Devant cette situation, deux questions sont aujourd'hui plus que jamais d'actualité: qu’est-ce qui explique ces désengagements de grands groupes bancaires français du continent africain? Et, d'autre part, quelles sont les raisons de ce désengagement? 

La crise financière internationale qui s'est déclenchée en 2008 n'est bien entendu pas l'unique facteur de ces désengagements en série. 

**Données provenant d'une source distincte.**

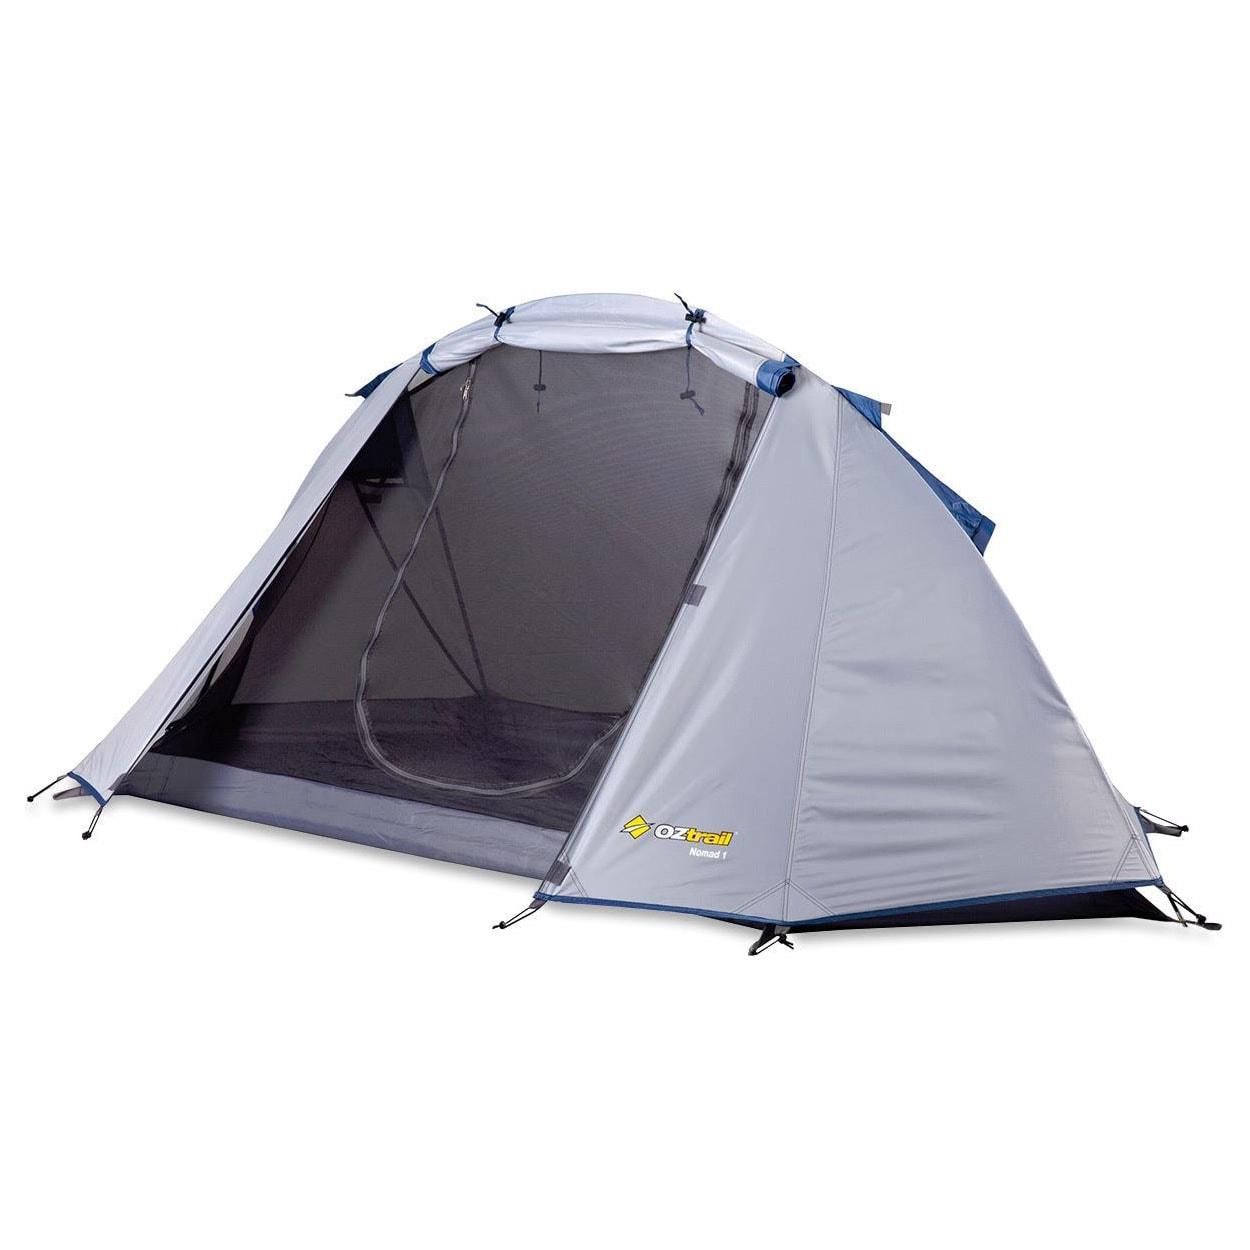 Σκηνή Camping Oztrail Nomad 1 Dome 2 Ατόμων
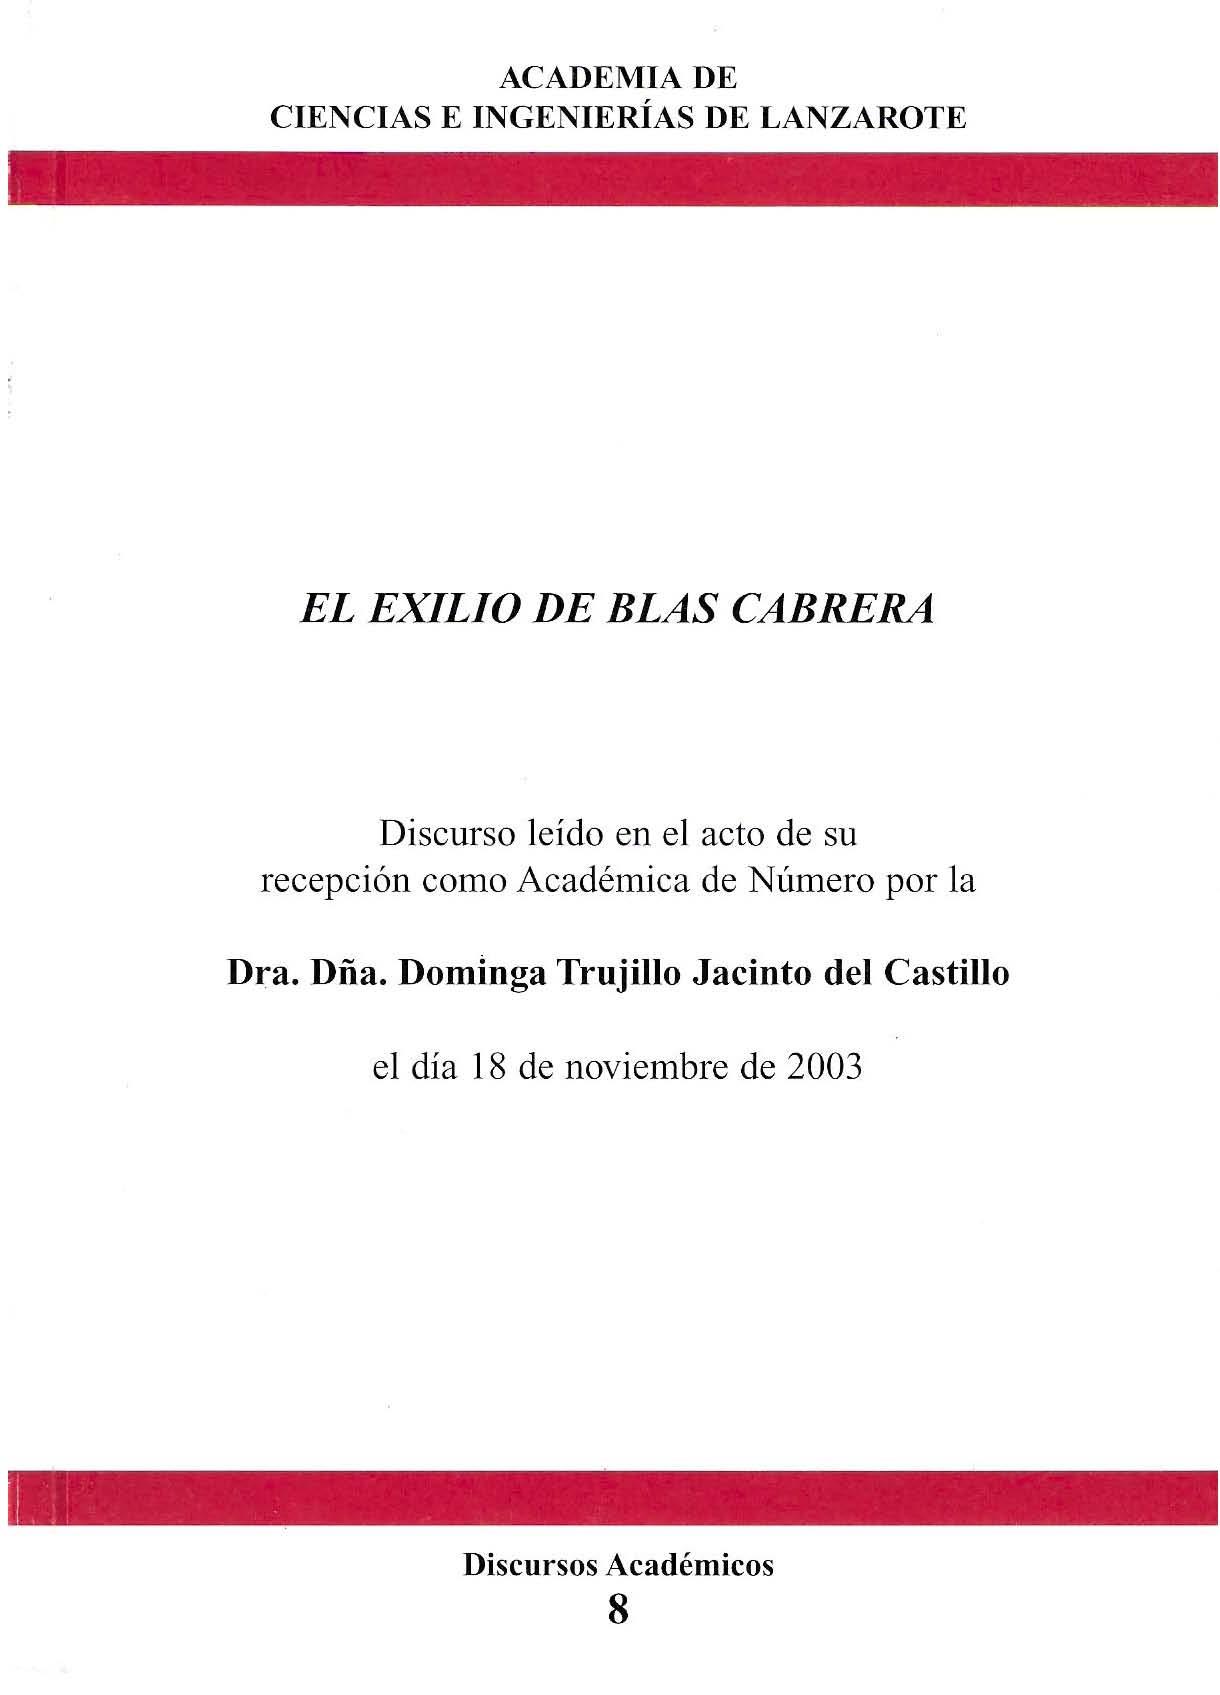 El exilio de Blas Cabrera

Le facteur le plus important est celui d'une longue domination, sur plusieurs marchés africains, de ces banques françaises qui ont dû entre-temps faire face, depuis près dix ans, à la conurrence de banques panafricaines émergentes (Attijariwafa bank, Banque centrale populaire, BMCE Bank of Africa, Orabank, Ecobank, UBA, Nedbank, Standard Bank, Equity Bank, etc.).

Ces banques se développent actuellement en Afrique et concurrencent ouvertement les banques françaises sur les marchés africains.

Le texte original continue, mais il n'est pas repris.